Attacks on the Press in 2004 - Panama
|Publisher||Committee to Protect Journalists|
|Publication Date||February 2005|
|Cite as||Committee to Protect Journalists, Attacks on the Press in 2004 - Panama , February 2005, available at: http://www.refworld.org/docid/47c566eac.html [accessed 23 May 2013]|
|Disclaimer||This is not a UNHCR publication. UNHCR is not responsible for, nor does it necessarily endorse, its content. Any views expressed are solely those of the author or publisher and do not necessarily reflect those of UNHCR, the United Nations or its Member States.|
Despite legislative steps toward repealing desacato (disrespect) laws in 2004, Panama's press is among the most legally constricted in Latin America. The country's "gag laws," which include a range of statutes criminalizing criticism of public officials, were enacted under military rule in the 1960s. Some of these laws have been repealed, but Panamanian authorities continue to use the remaining statutes to stifle opponents and intimidate the local media.
On July 27, the outgoing Legislative Assembly repealed Article 33.1 of the constitution, which includes provisions criminalizing expressions that offend public officials.
Newly elected legislators, whose terms began on September 1, approved the reforms on October 26.
A week before leaving office, outgoing President Mireya Moscoso pardoned 87 journalists on August 25 who had been charged with criminal defamation, about half of the country's entire press corps. Moscoso had promised to eliminate the infamous gag laws before the end of her term but did not because public figures who benefited from them successfully blocked reform. Many of the lawsuits were filed by Panama's litigious attorney general, José Antonio Sossa, whose term ended on December 31.

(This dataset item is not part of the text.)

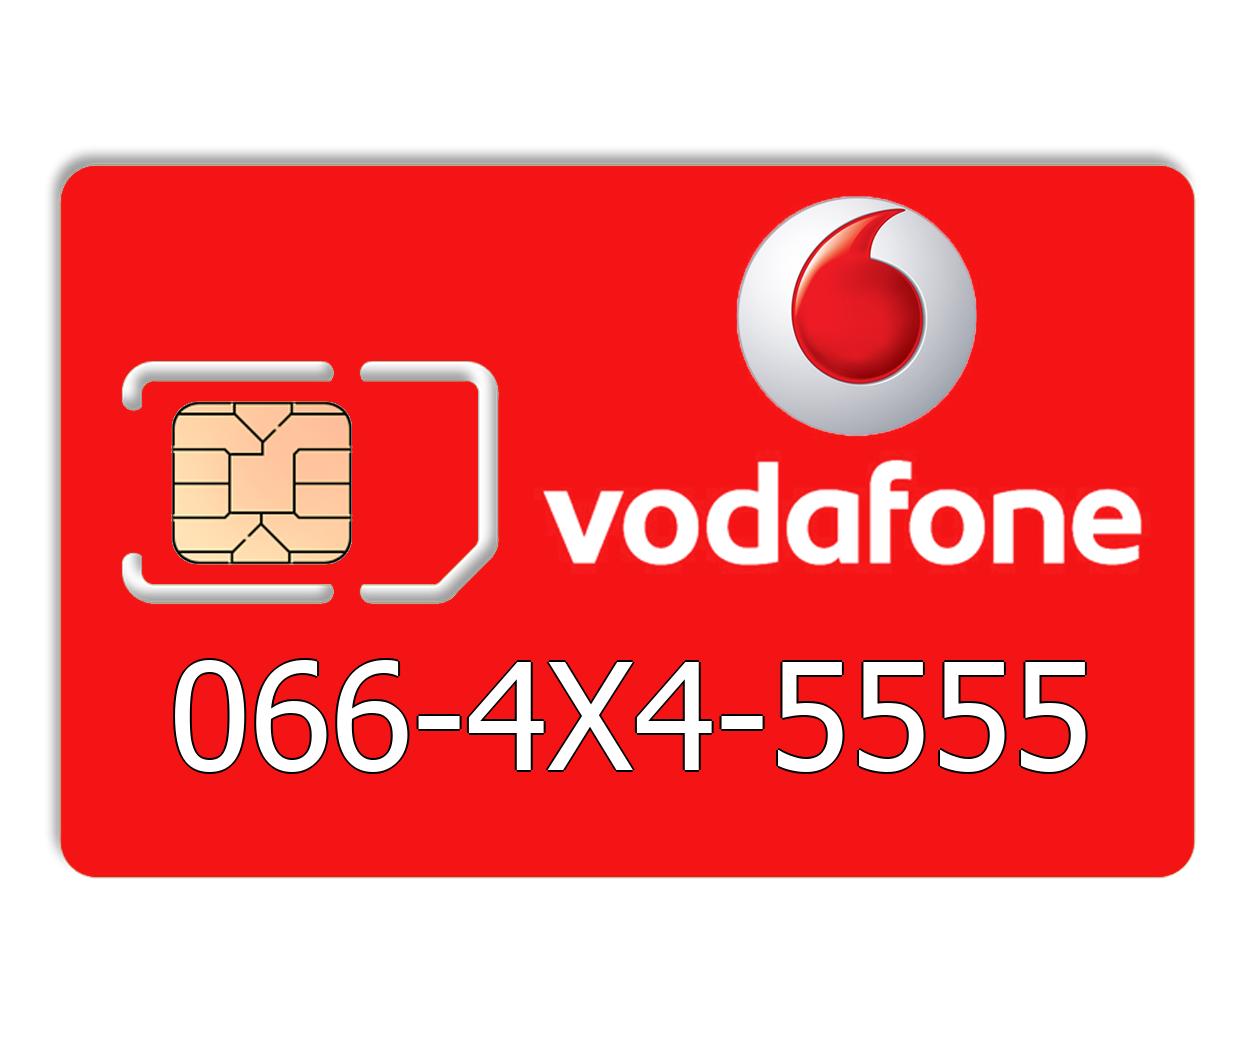 Красивый номер Vodafone 066-4X4-5555

On May 2, more than 14 years after the end of authoritarian rule, Panamanians elected the son of a former military dictator as the country's next president. Martín Torrijos, 41, took office on September 1 and, in one of his first decisions, helped ensure access to government information by voiding a June 2002 presidential decree that, among other things, had exempted government officials' salaries, benefits, bonuses, and travel expenses from a transparency law approved in January 2002. At year's end, it was too early to tell whether the move would ensure access to government information.
Two bills under consideration at year's end could significantly affect the Panamanian media: One would require journalists to hold a university degree in journalism; the other would decriminalize defamation and seek to reduce government manipulation of state advertising.
Several influential reporters and media executives have been hired to work for the Torrijos administration, a common practice, local journalists say. Former TV program hosts Judy Meana, of RCN TV, and Alfonso Fraguela, of TVN Channel 2, now work as spokespeople for the minister of government and justice and the president, respectively. Meanwhile, Federico Humbert Arias, former president of the board of directors at La Prensa (The Press), Panama's main daily, has been nominated to be the ambassador to the United States, and Ebrahim Asvat, former president of the daily El Siglo (The Century), has been nominated for a post as a government secretary.
On June 21, La Prensa published a story titled "Torrijos, a man with media" outlining the close links between the new administration and some of the country's major news outlets. Journalists and press freedom advocates are concerned that such close ties endanger independent reporting, and that the government could use its influence to "manipulate information and public opinion," says Miguel Antonio Bernal, a Panamanian lawyer, columnist, and radio journalist.
2004 Documented Cases – Panama
JANUARY 30, 2004
Posted: March 24, 2004
Roberto Eisenmann Jr., freelance
Eisenmann, founder of the Panama City-based daily La Prensa, was charged with criminal defamation. The case stems from a January 30 column in La Prensa in which Eisenmann accused Attorney General José Antonio Sossa of "protecting criminals and filing charges against journalists." Sossa then filed a lawsuit against the journalist.
Panamanian authorities summoned Eisenmann, who now leads a nonprofit organization, for questioning in the first week of February. On February 15, the prosecutor issued an order barring Eisenmann from leaving the country. After the prosecutor summoned the journalist three times and he refused to answer any questions, Eisenmann was declared in contempt.
On March 24, at around 10:30 a.m., officers from the Technical Judicial Police came to Eisenmann's offices in Panama's capital, Panama City, and took the journalist to the prosecutor's office for questioning. After answering the questions, Eisnemann was freed but remains barred from leaving the country.
In Panama, a country known for its restrictive press laws, almost half the media's work force have criminal libel or slander cases pending against them. Public officials filed the suits in 70 percent of those cases.